▸ **Aim of the task**:
Exactly as they appear, please output the lines from the one with "benediction des cloches" through the end of the material, without pictures.

▸ **The data**:
########
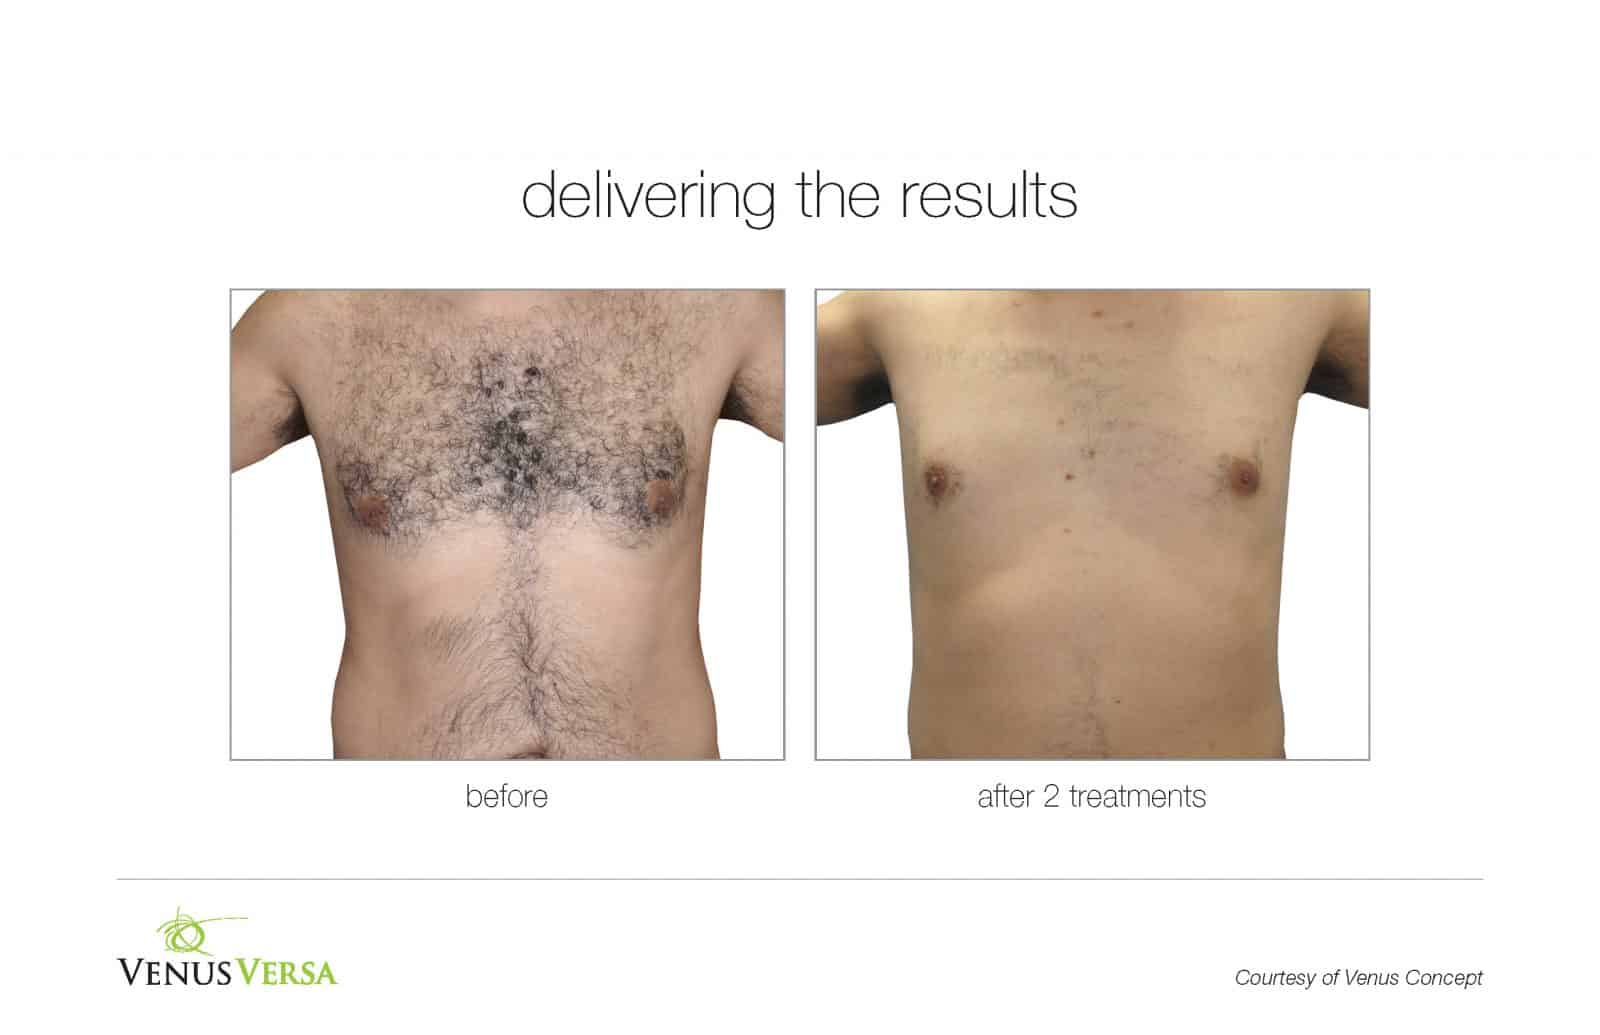 venus versa ba hair removal venus concept
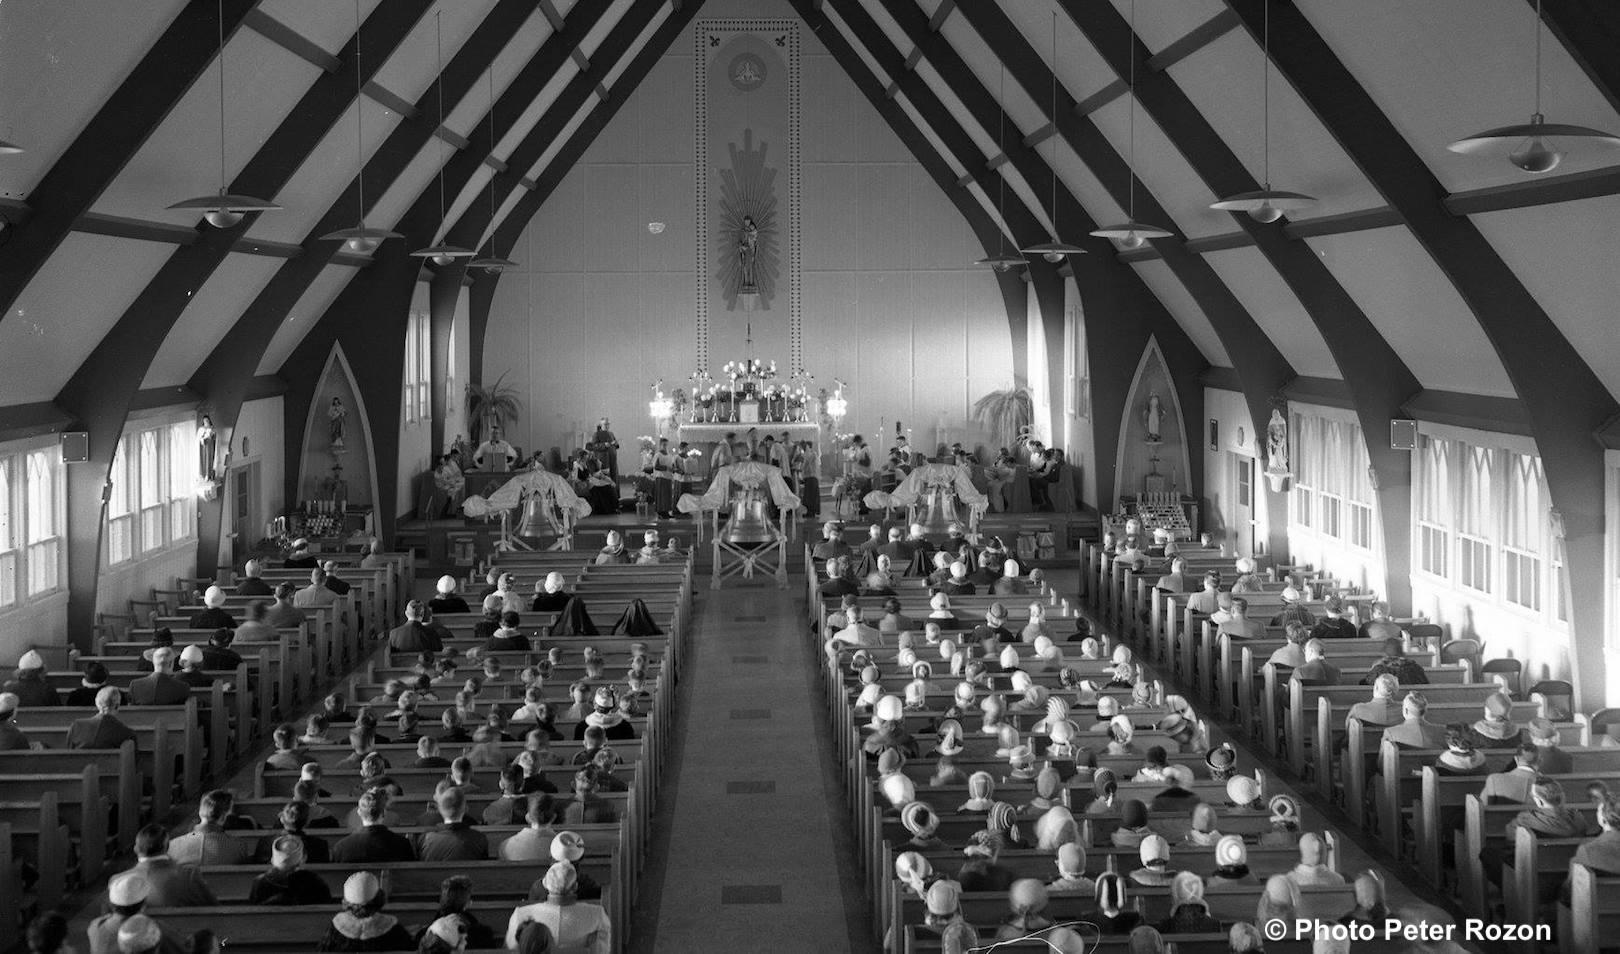 benediction des cloches eglise St-Joseph-Artisan a Valleyfield 1958 Copyright photo Peter_Rozon via MUSO
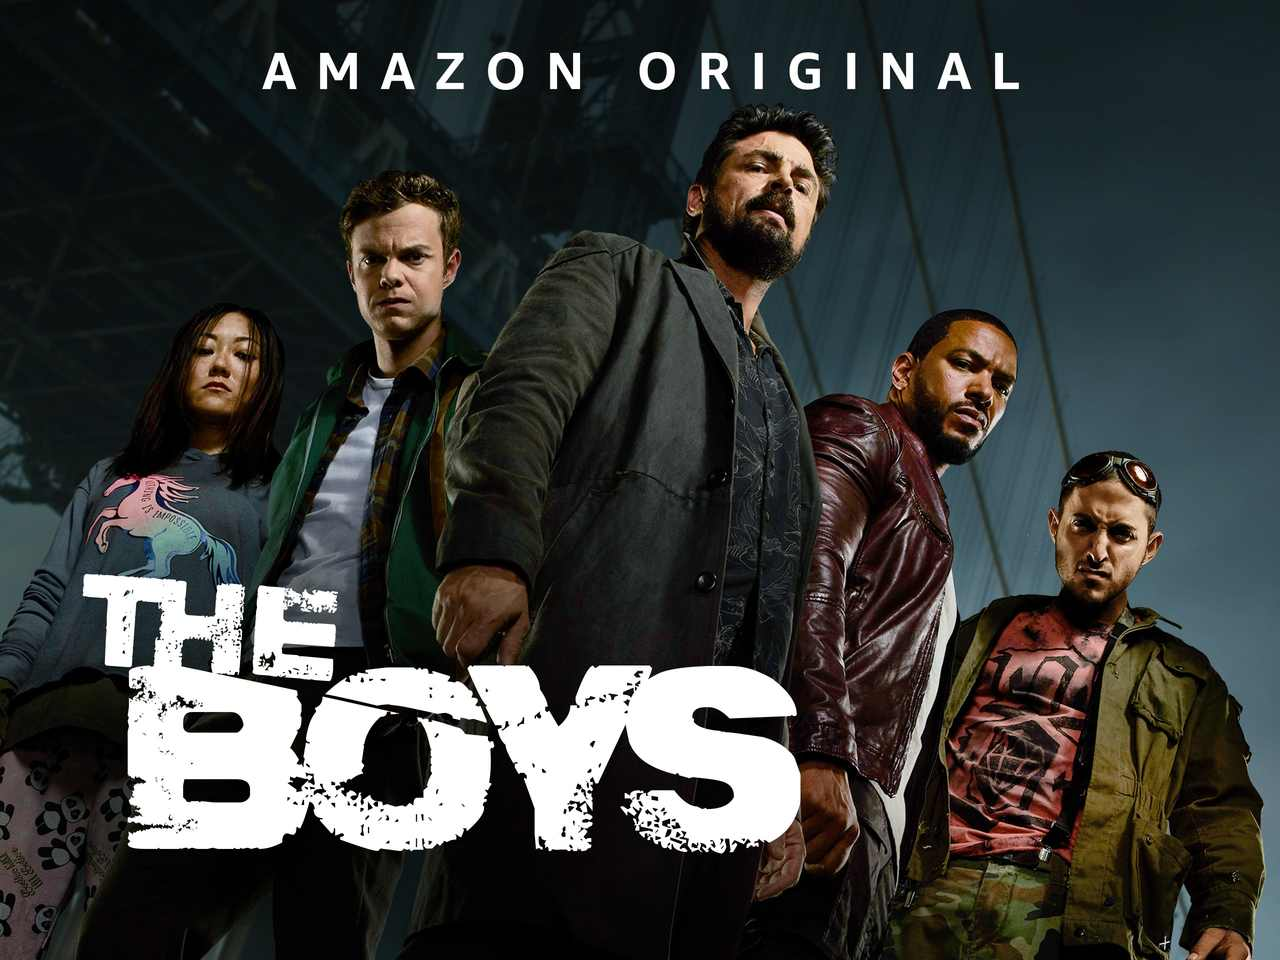 the boys recenzja serialu amazona
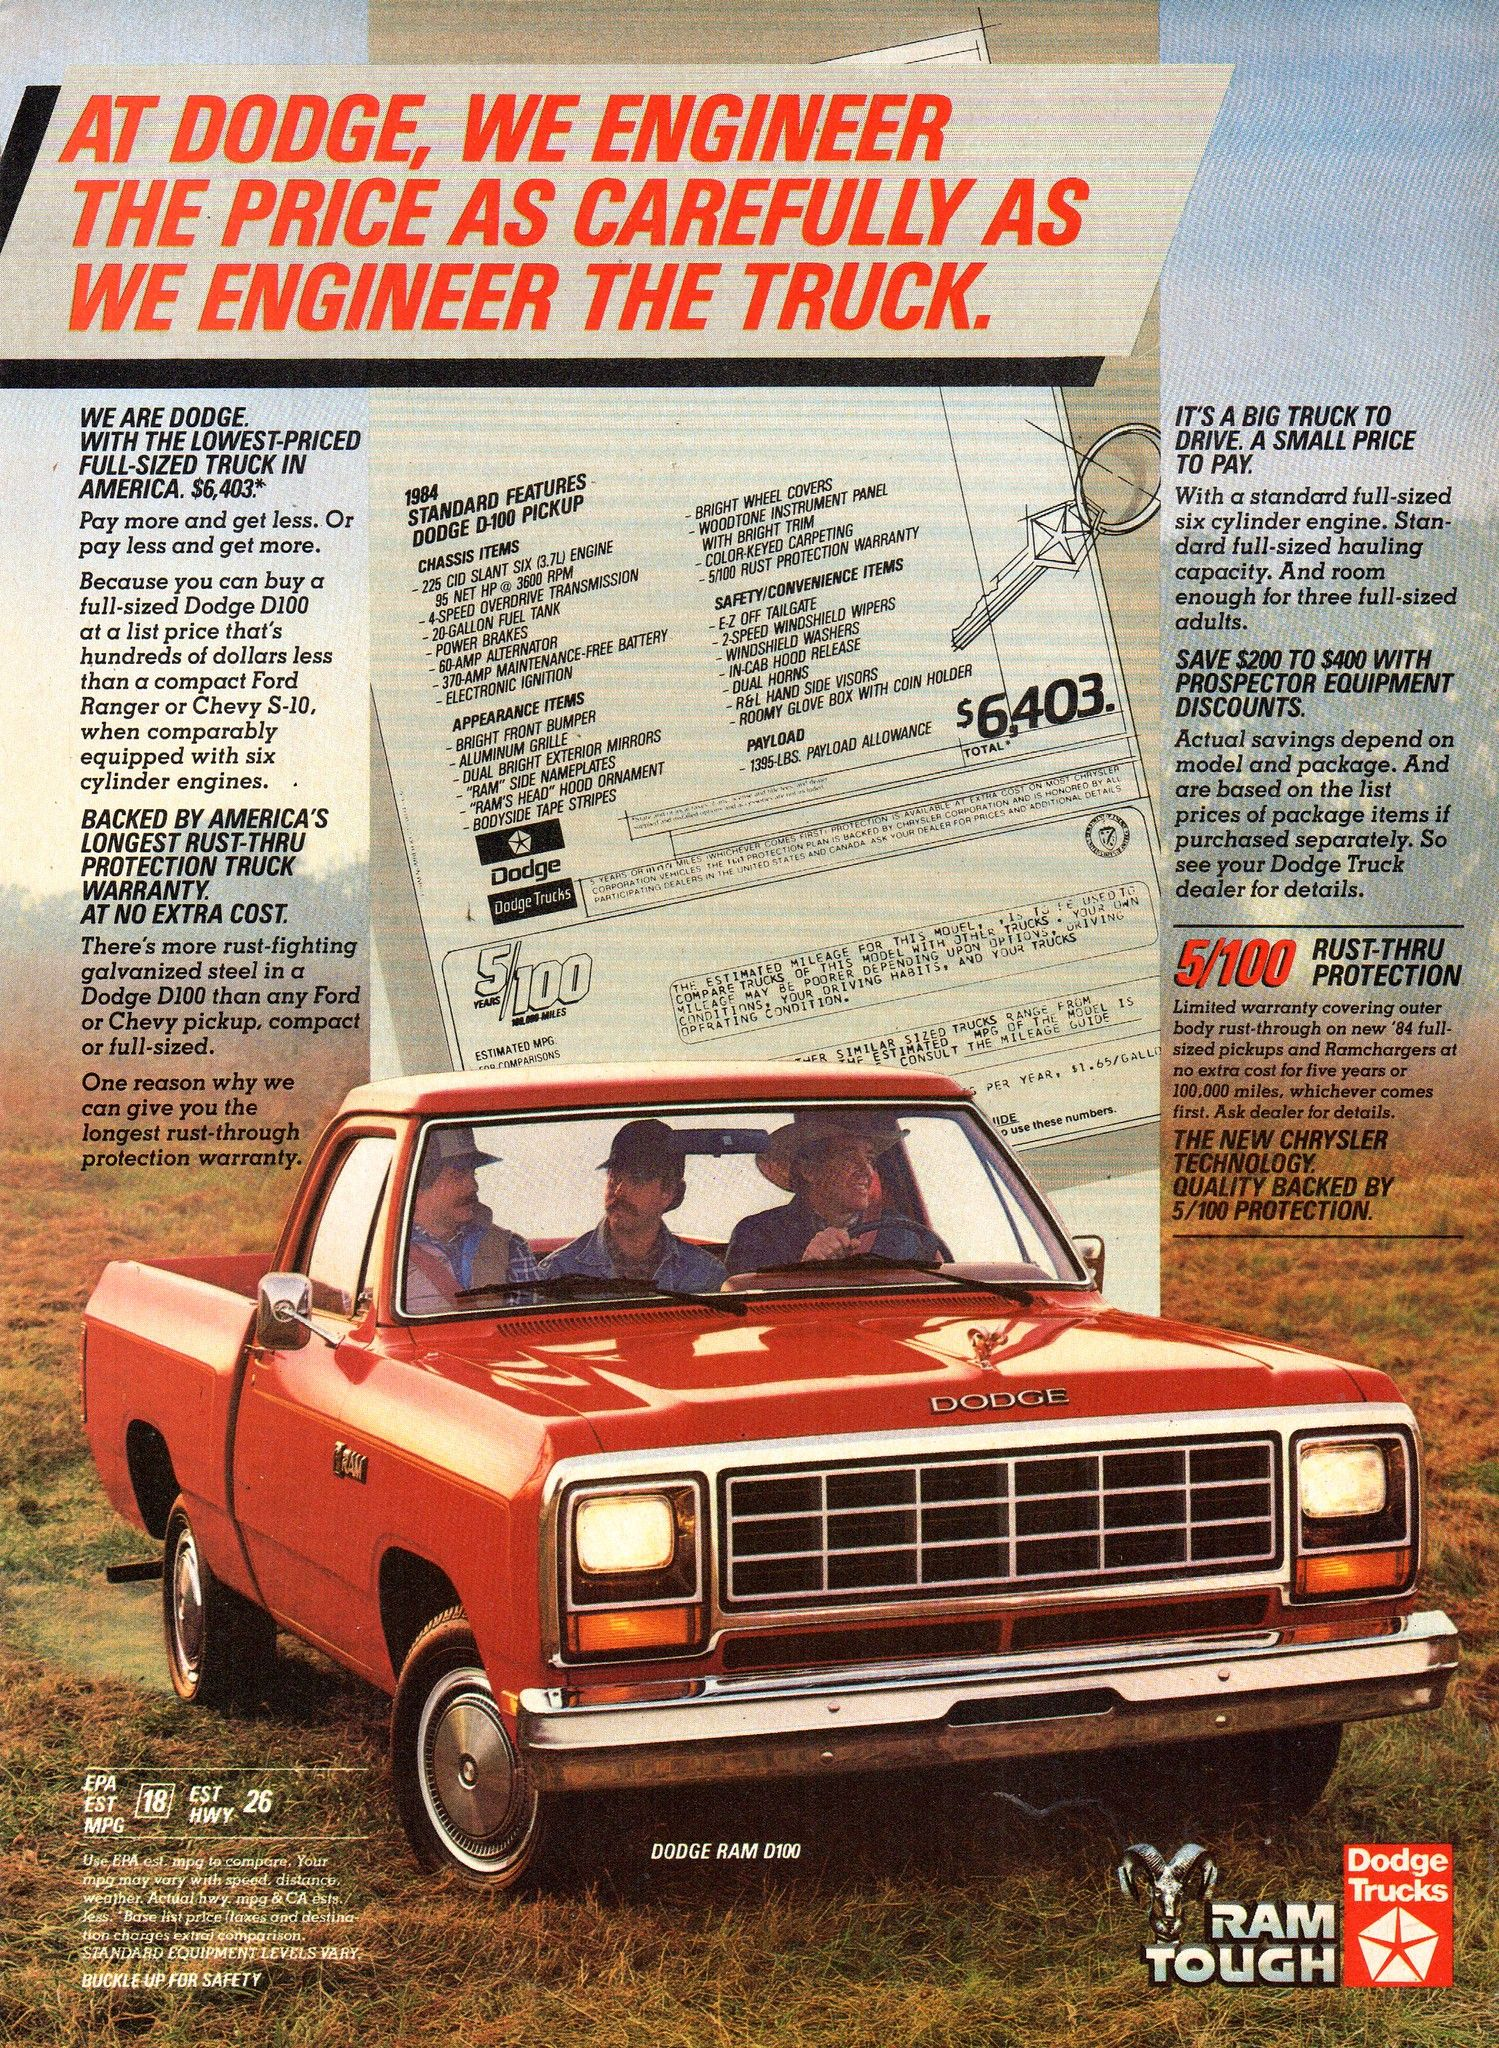 1984 Dodge Ram D100 Pickup Truck Chrysler Corporation Usa Original Magazine Advertisement Vintage Pickup Trucks Old Dodge Trucks Pickup Trucks
########
▸ **Solution for this exercise**:
 benediction des cloches eglise St-Joseph-Artisan a Valleyfield 1958 Copyright photo Peter_Rozon via MUSO
 the boys recenzja serialu amazona
 1984 Dodge Ram D100 Pickup Truck Chrysler Corporation Usa Original Magazine Advertisement Vintage Pickup Trucks Old Dodge Trucks Pickup Trucks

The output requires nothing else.